• Required work: Exactly the lines below starting at the line with "Русское серебро , Финляндия" and ending at the line with "Address Sky View logo" are wanted, with both ends included. Leave out the pictures and add no other lines.

• Data:
++++++
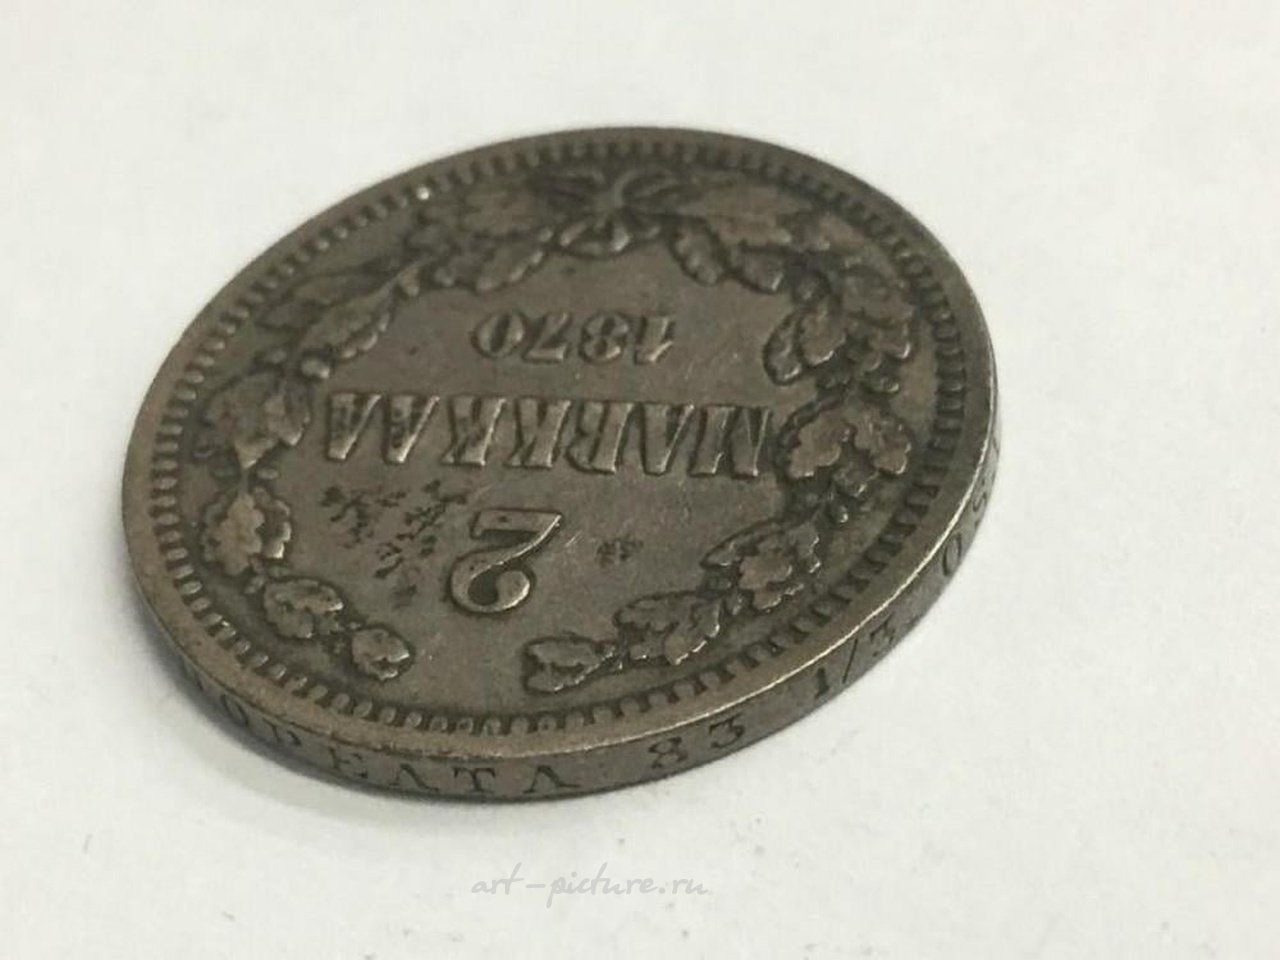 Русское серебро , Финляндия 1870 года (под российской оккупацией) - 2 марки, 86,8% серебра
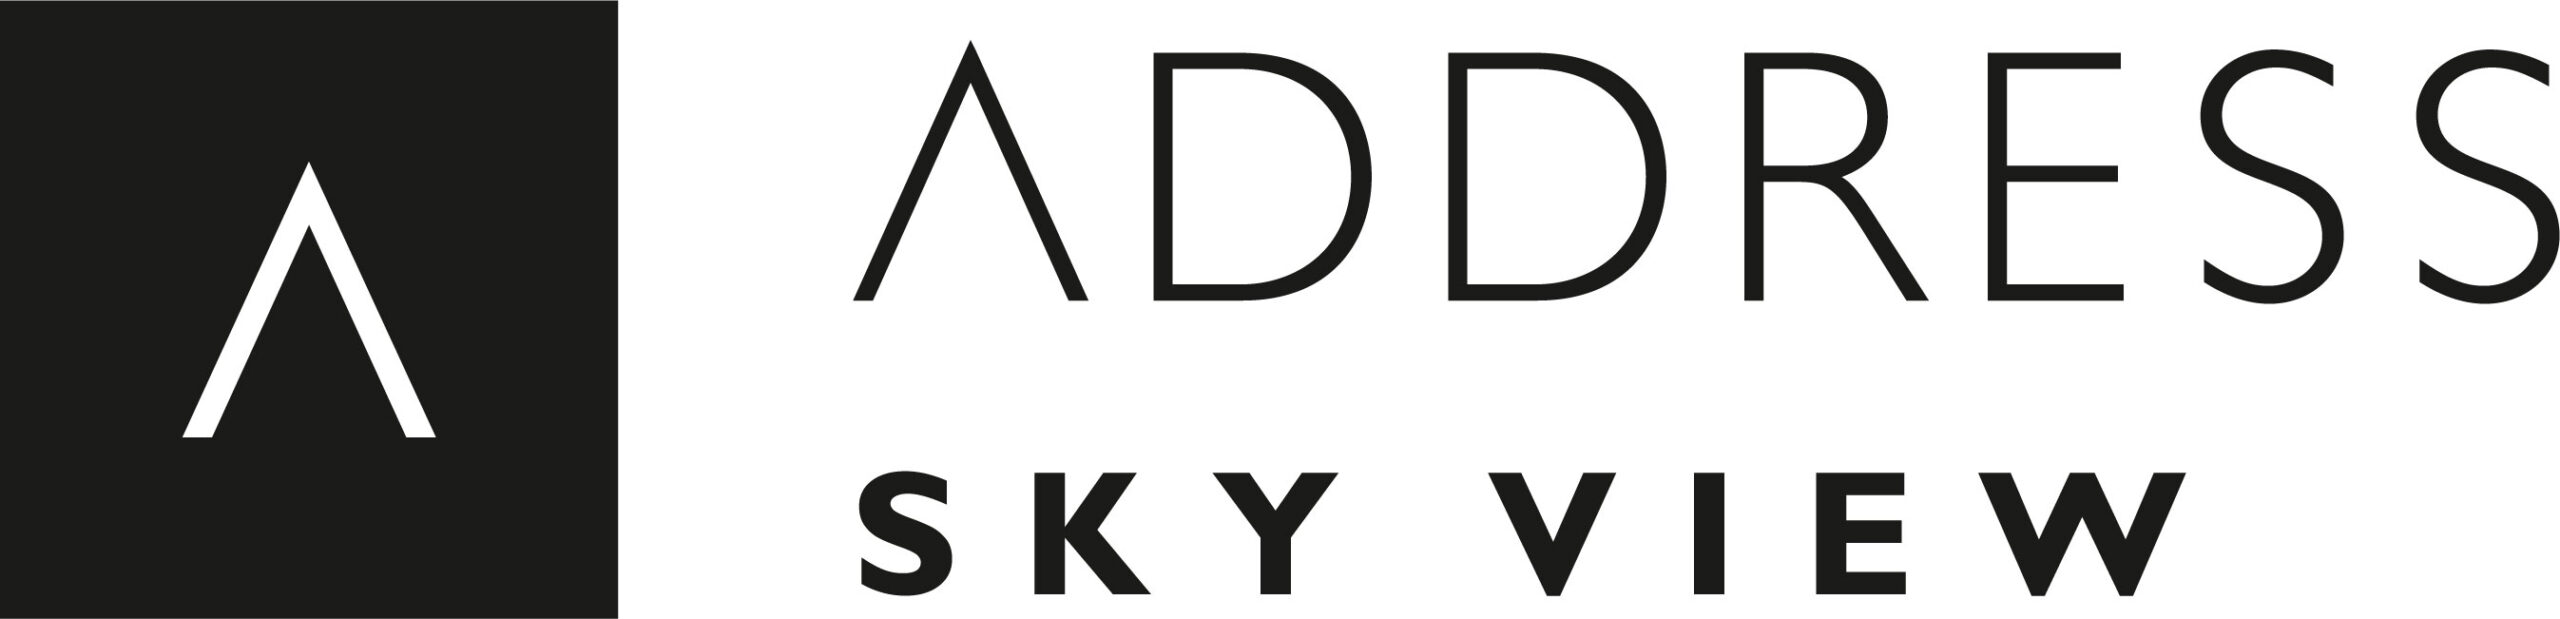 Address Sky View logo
++++++
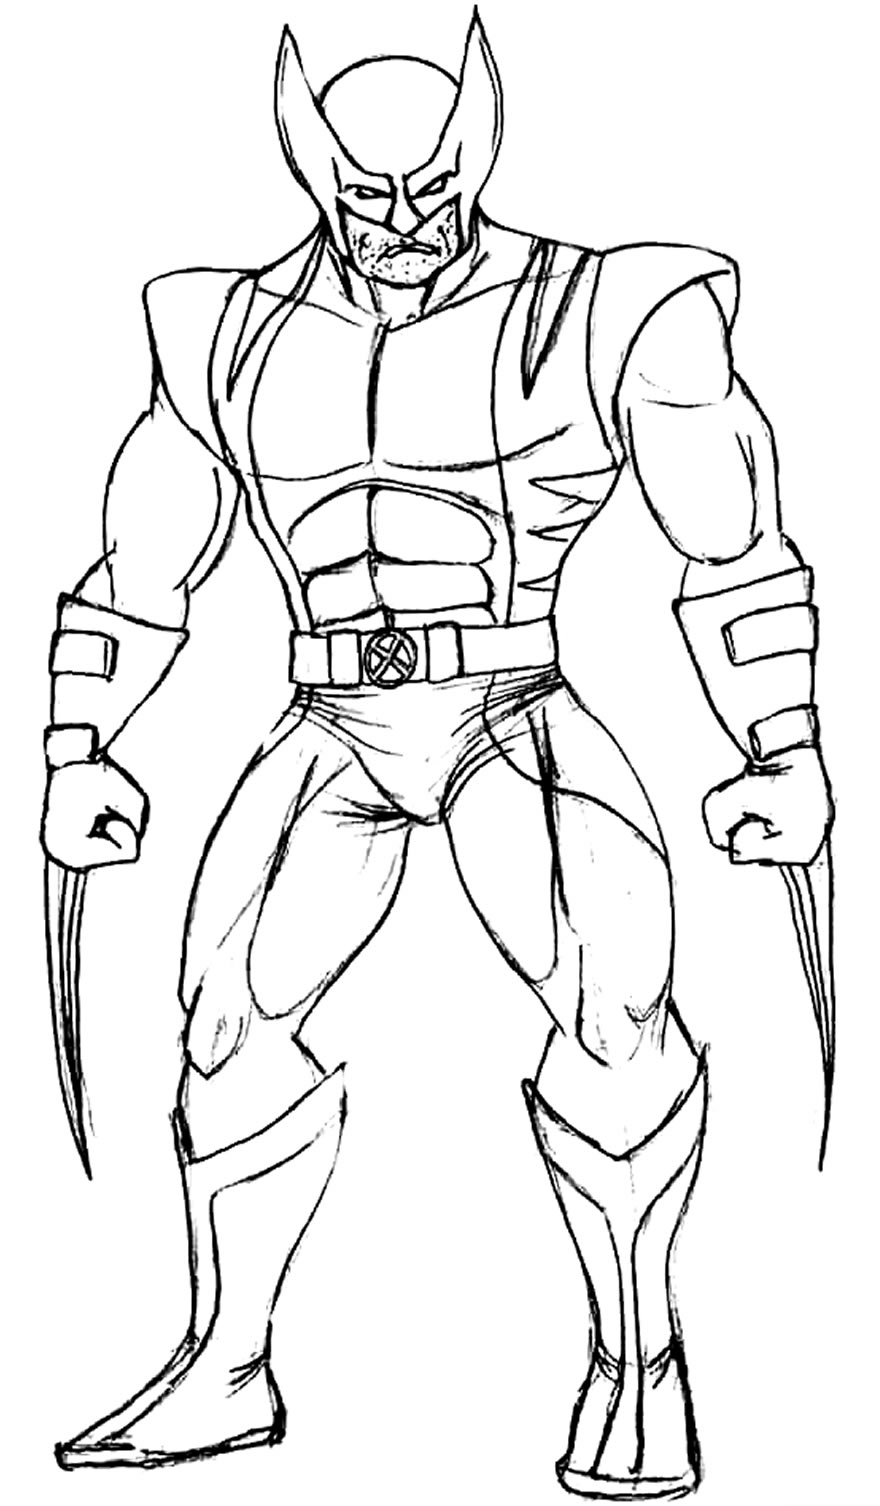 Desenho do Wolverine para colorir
++++++
• Answer section:
 Русское серебро , Финляндия 1870 года (под российской оккупацией) - 2 марки, 86,8% серебра
 Address Sky View logo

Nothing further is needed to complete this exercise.